Glacier Deep Archive

Back in 2013, Amazon announced its Amazon Glacier storage solution–cloud-based storage that was cheap, but designed for data that would need to be accessed very infrequently.

But even Glacier is expensive for some purposes. For example, I’ve got about 100 terabytes I need to back up, and even at Glacier’s low cost of $4-5/terabyte/month, that would still be ~$500/month. At that price, I might be better off buying a tape drive.

Now, Amazon has announced its Glacier Deep Archive storage solution that is designed to go after use cases like this. At a little over $1/terabyte/month, the costs of storing 100 terabytes in the cloud approaching the cost of tape backup.

There are a few caveats, however. First, it appears that the data stored in Glacier Deep Archive cannot be deleted. I assume that’s Amazon reducing costs by simply not making that feature available.

Second, as with the regular Glacier storage solution, getting data back out of Glacier Deep Archive is likely to be slow and more expensive than storing it. Standard retrieval for data in Glacier is around $12/terabyte. If you need faster retrieval, you can do so by paying more.

I do plan to look closely at Glacier Deep Archive and will likely use it as a sort of backup of last resort. I already have a backup system and process, but $100/month for the volume of data I have is very reasonable for a “if everything else gets screwed up” peace of mind.

Thoughts on Using Backblaze After A Month

Back in early March I decided to look into off-site backup of my data drives using either Crashplan or Backblaze. For the most part I’ve ignored online backup services mainly because of the large volume of data I currently maintain/backup for personal use, which is currently approaching 60 terabytes. Along with storage costs, the sheer amount of time to upload that amount of data is ridiculous and so I hadn’t really given much thought to online backups.

Someone I know (with a lot less data) was using Crashplan, however, and I figured for the low monthly cost it wouldn’t hurt to at least check it out. I did not like Crashplan. Not one bit. Pretty much everything about Crashplan was confusing, from its terms of use all the way up to its uploading client. I did pay for an initial one month subscription, but after about a week realized Crashplan simply would never work for my needs and canceled.

So I decided to give Backblaze a try. There are some things I do not like about Backblaze, but overall I have been very pleased with it in the intervening month and felt good enough about it to pay for a year’s subscription.

To get things started, I hooked up a nearly full Seagate 8 terabyte hard drive to my main computer using an external dock. I already have that hard drive backed up locally, so I’m only relying on Backblaze as an option in case both the original and all backup copies of the drive should fail.
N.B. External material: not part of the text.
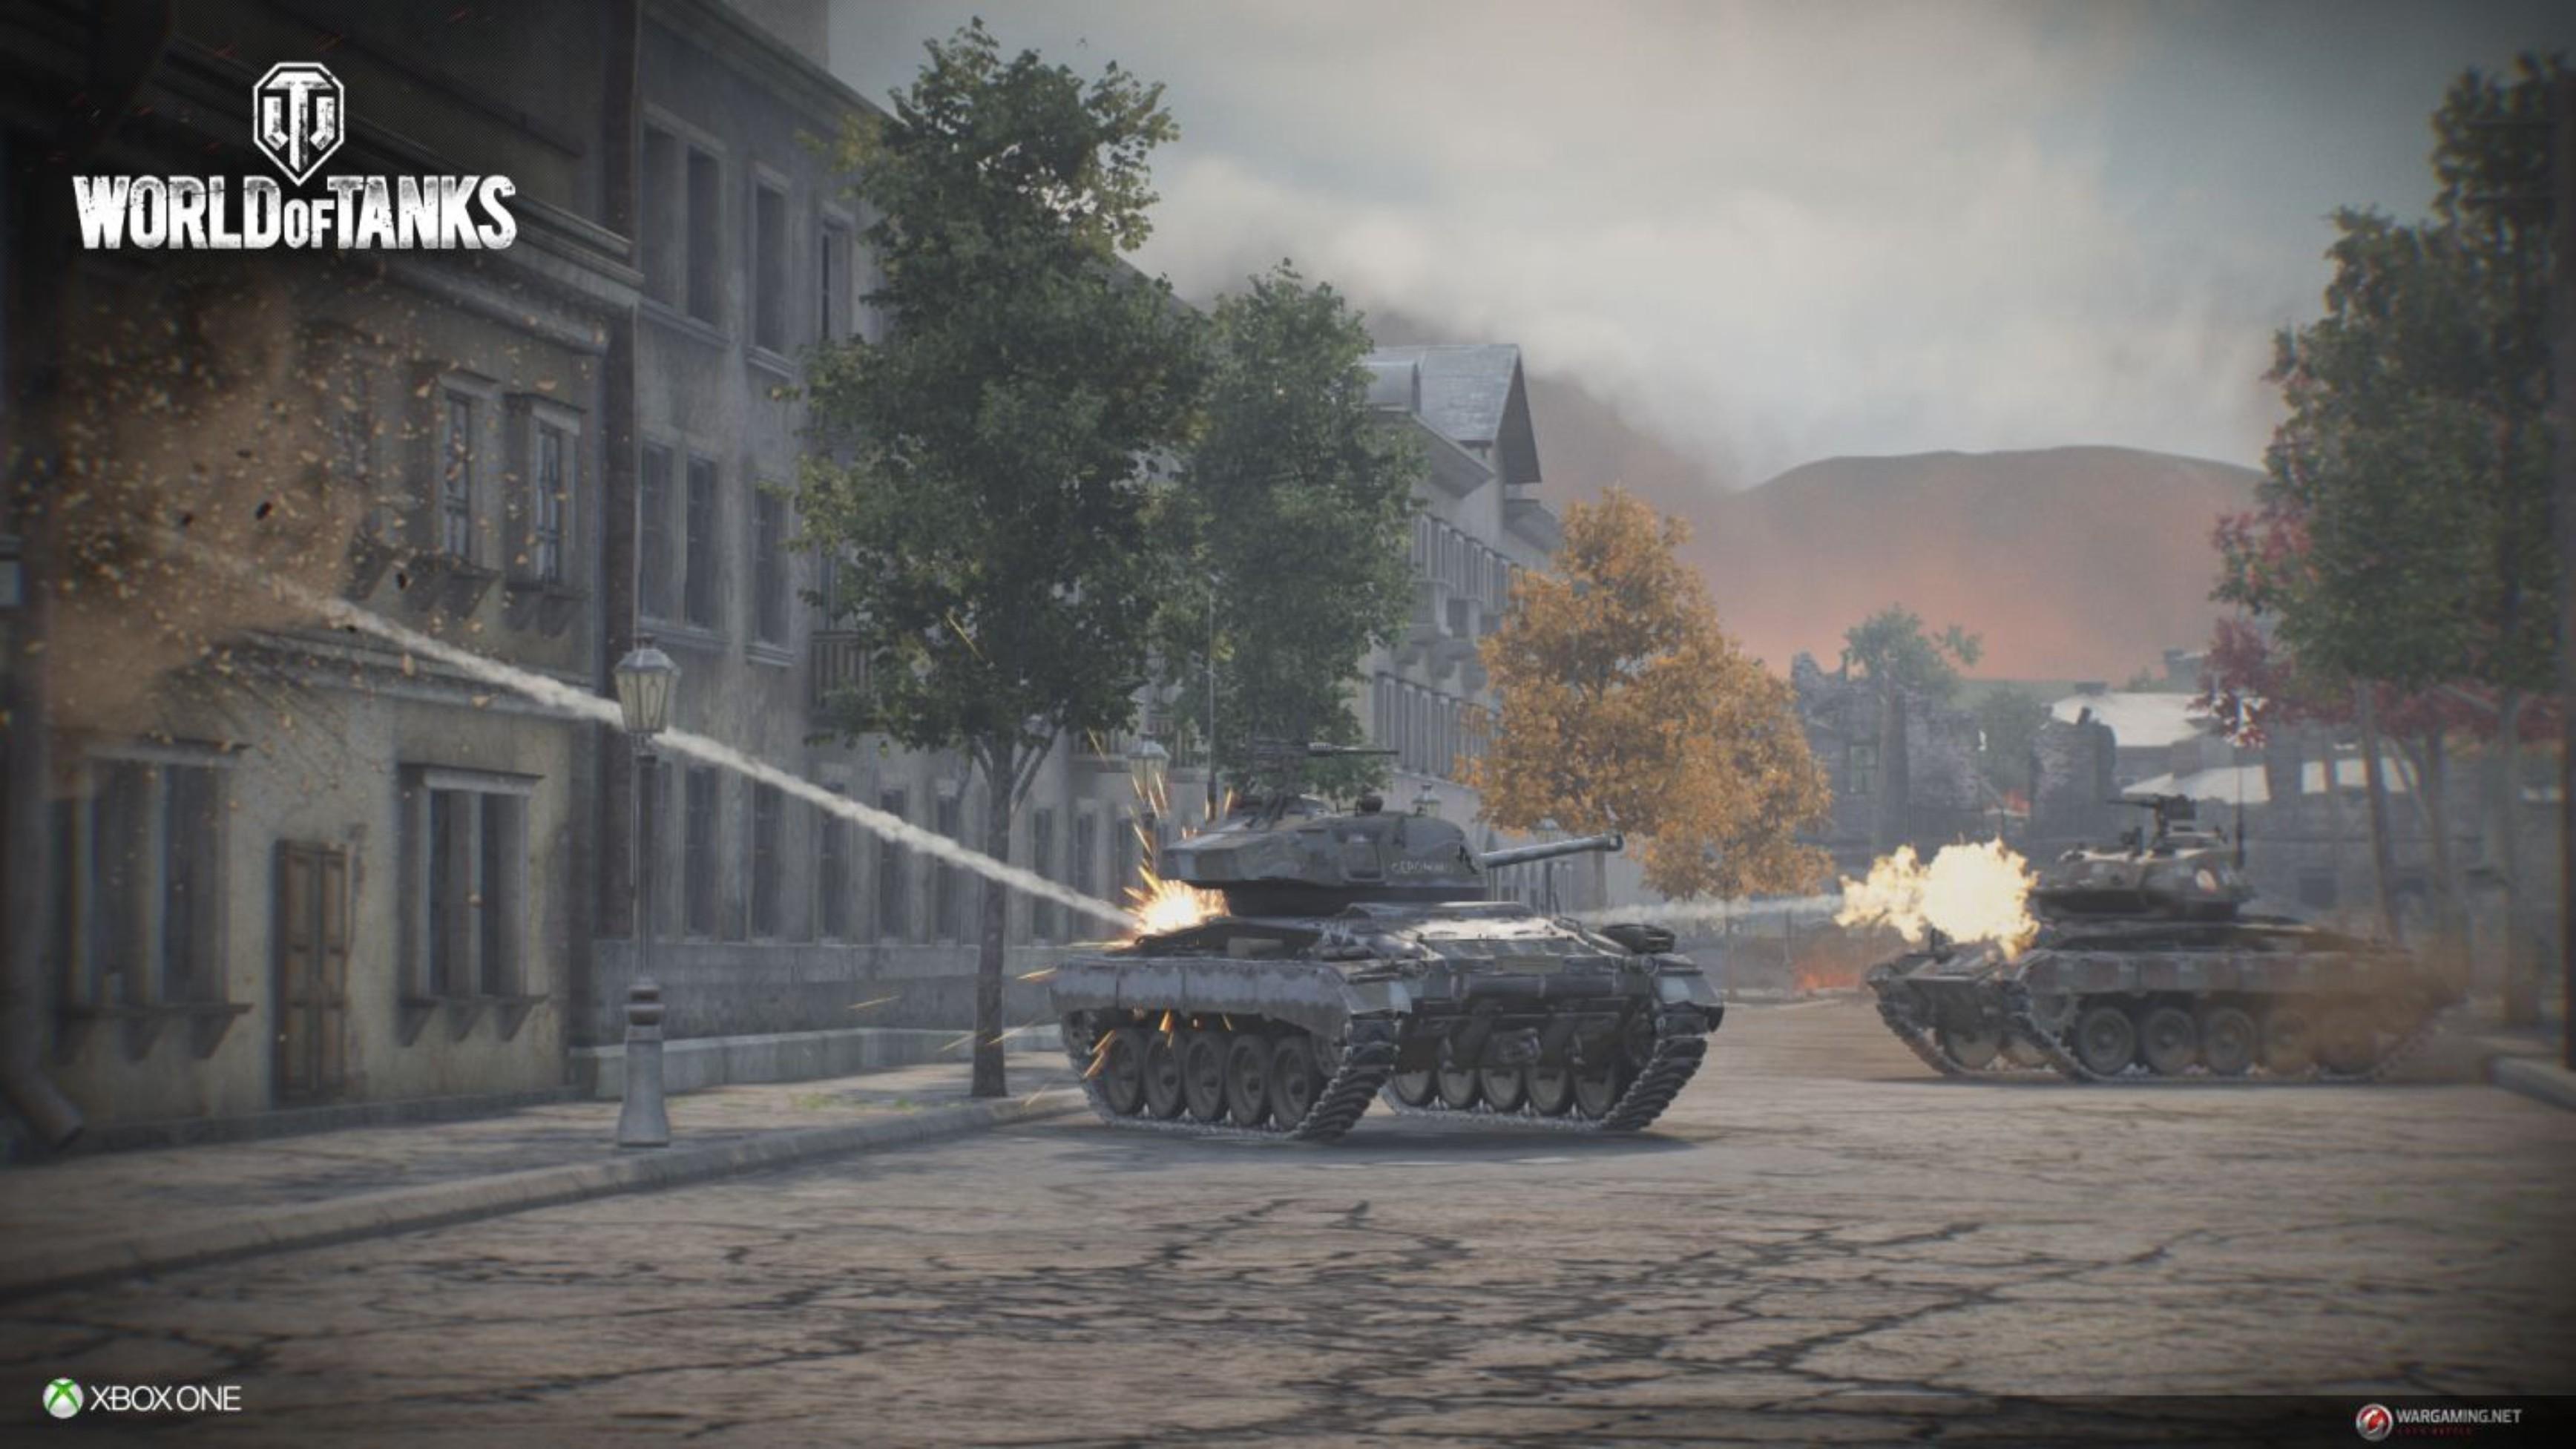 world of tanks mods 9.4 aslain

Don’t Rely on Backblaze for Your Only Backup

A lot of horror stories I read online from users of both Crashplan and Backblaze made it clear that they were using these services as their only method of backup. In several cases, users got burned when they backed up their data to either service prior to reformatting or destroying a hard drive, only to find that their data was unavailable or unrecoverable (or only recoverable after extraordinary measures were taken).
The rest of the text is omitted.